Metadata-Version: 2.4
Name: dataknobs-xization
Version: 1.1.0
Summary: Text normalization and tokenization tools
Author-email: Spence Koehler <KoehlerSB747@gmail.com>
Requires-Python: >=3.10
Requires-Dist: dataknobs-common>=1.0.0
Requires-Dist: dataknobs-structures>=1.0.0
Requires-Dist: dataknobs-utils>=1.0.0
Requires-Dist: nltk>=3.9.1
Description-Content-Type: text/markdown

# dataknobs-xization

Text normalization and tokenization tools.

## Installation

```bash
pip install dataknobs-xization
```

## Features

- **Markdown Chunking**: Parse and chunk markdown documents for RAG applications
  - Preserves heading hierarchy and semantic structure
  - Supports code blocks, tables, lists, and other markdown constructs
  - Streaming support for large documents
  - Flexible configuration for chunk size, overlap, and heading inclusion
- **Text Normalization**: Standardize text for consistent processing
- **Masking Tokenizer**: Advanced tokenization with masking capabilities
- **Annotations**: Text annotation system
- **Authorities**: Authority management for text processing
- **Lexicon**: Lexicon-based text analysis

## Usage

### Markdown Chunking

```python
from dataknobs_xization import parse_markdown, chunk_markdown_tree

# Parse markdown into tree structure
markdown_text = """
# User Guide
## Installation
Install the package using pip.
"""

tree = parse_markdown(markdown_text)

# Generate chunks for RAG
chunks = chunk_markdown_tree(tree, max_chunk_size=500)

for chunk in chunks:
    print(f"Headings: {chunk.metadata.get_heading_path()}")
    print(f"Text: {chunk.text}\n")
```

For more details, see the [Markdown Chunking documentation](docs/markdown/MARKDOWN_CHUNKING.md).
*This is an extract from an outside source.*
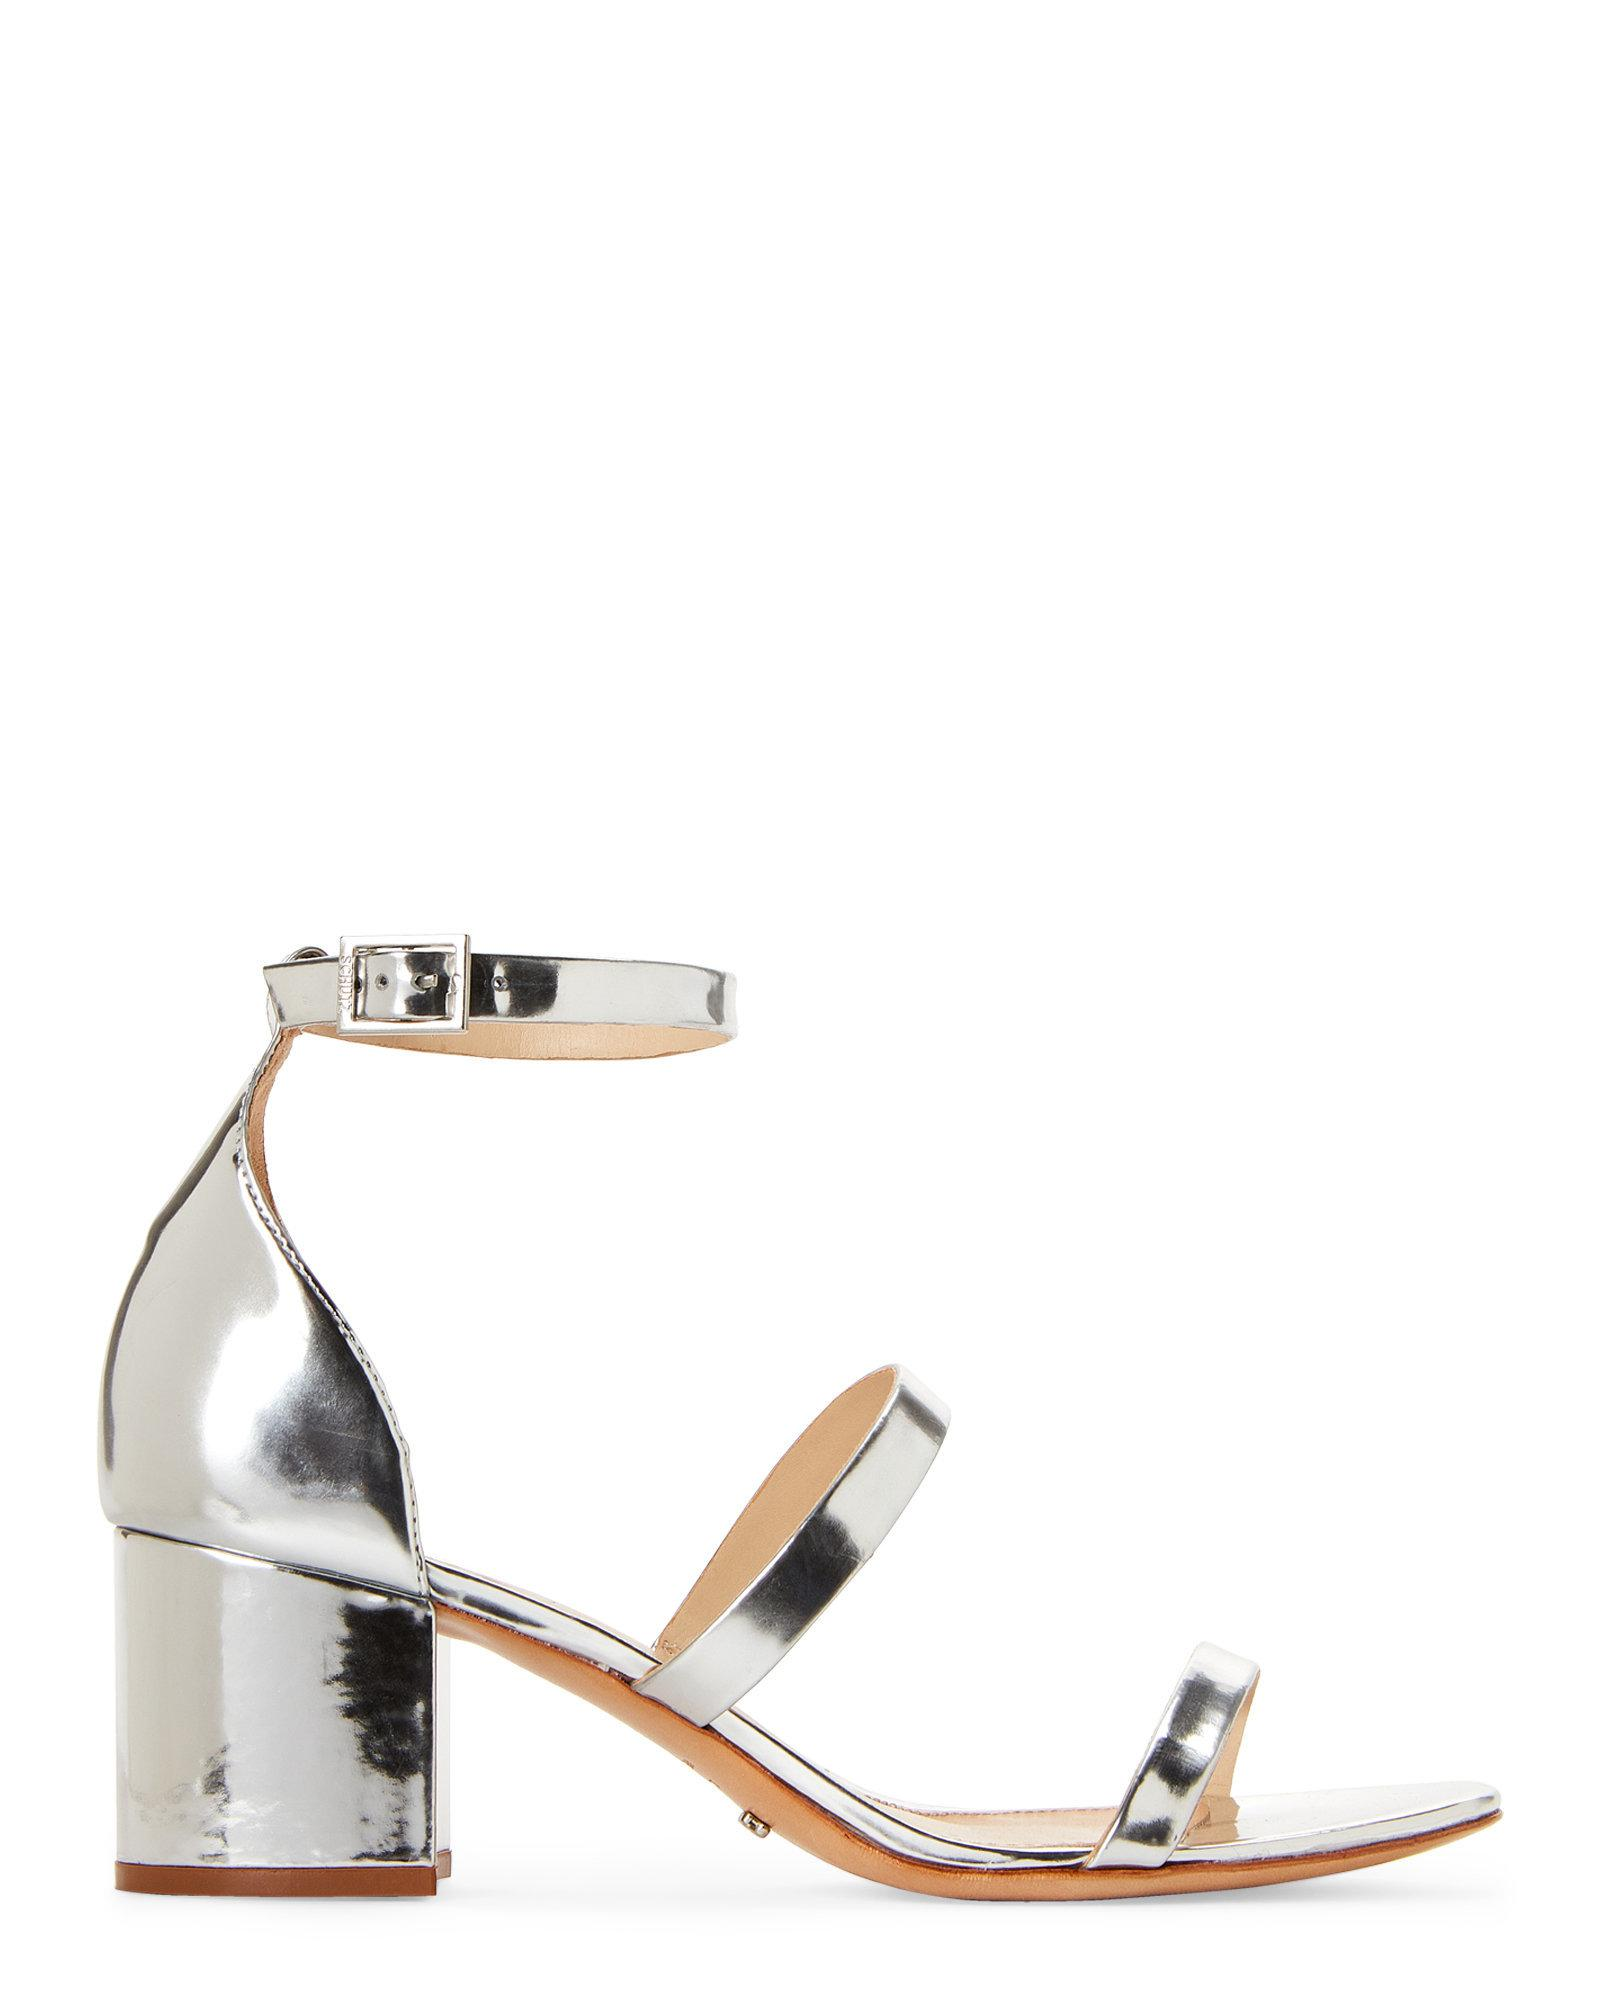 afad7b7db0d Lyst - Schutz Silver Ruby Strappy Block Heel Sandals in Metallic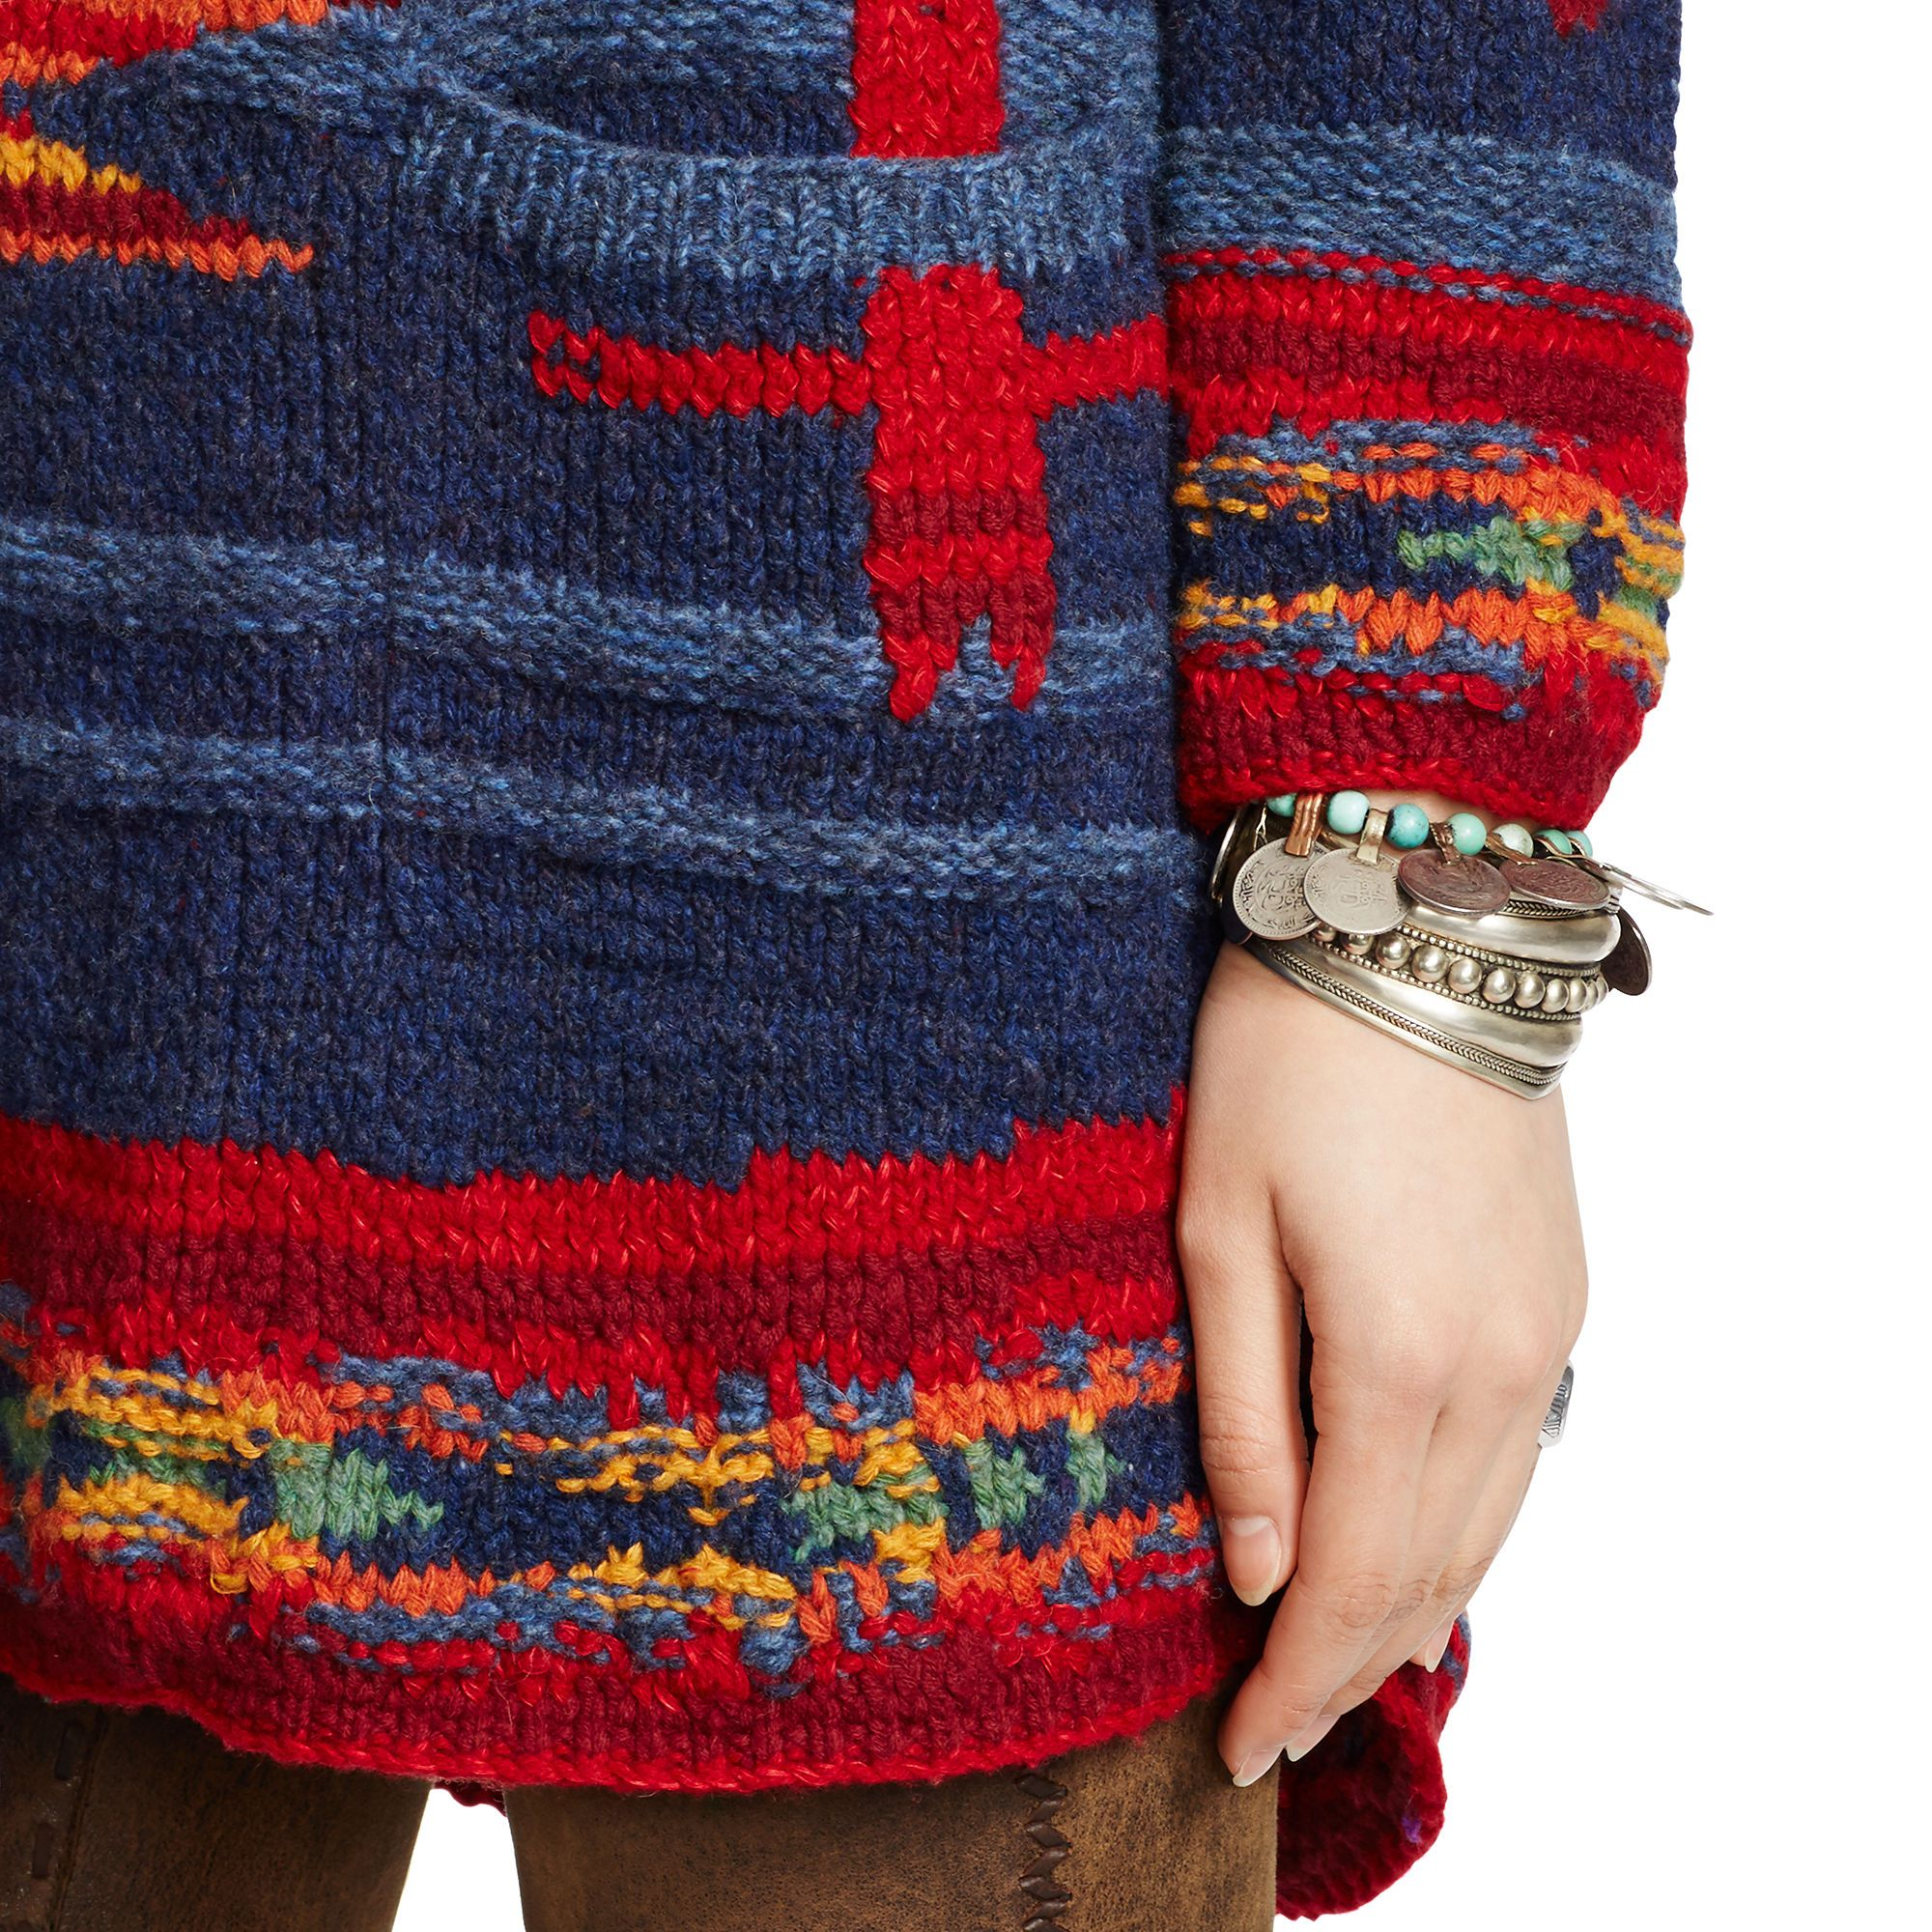 Southwestern Shawl Cardigan - Cardigans & Sweater Coats  Sweaters - RalphLauren.com

### Text Normalization and Tokenization

```python
from dataknobs_xization import normalize, MaskingTokenizer

# Text normalization
normalized = normalize.normalize_text("Hello, World!")

# Tokenization with masking
tokenizer = MaskingTokenizer()
tokens = tokenizer.tokenize("This is a sample text.")

# Working with annotations
from dataknobs_xization import annotations
doc = annotations.create_document("Sample text", {"metadata": "value"})
```

## Dependencies

This package depends on:
- `dataknobs-common`
- `dataknobs-structures`
- `dataknobs-utils`
- nltk

## License

See LICENSE file in the root repository.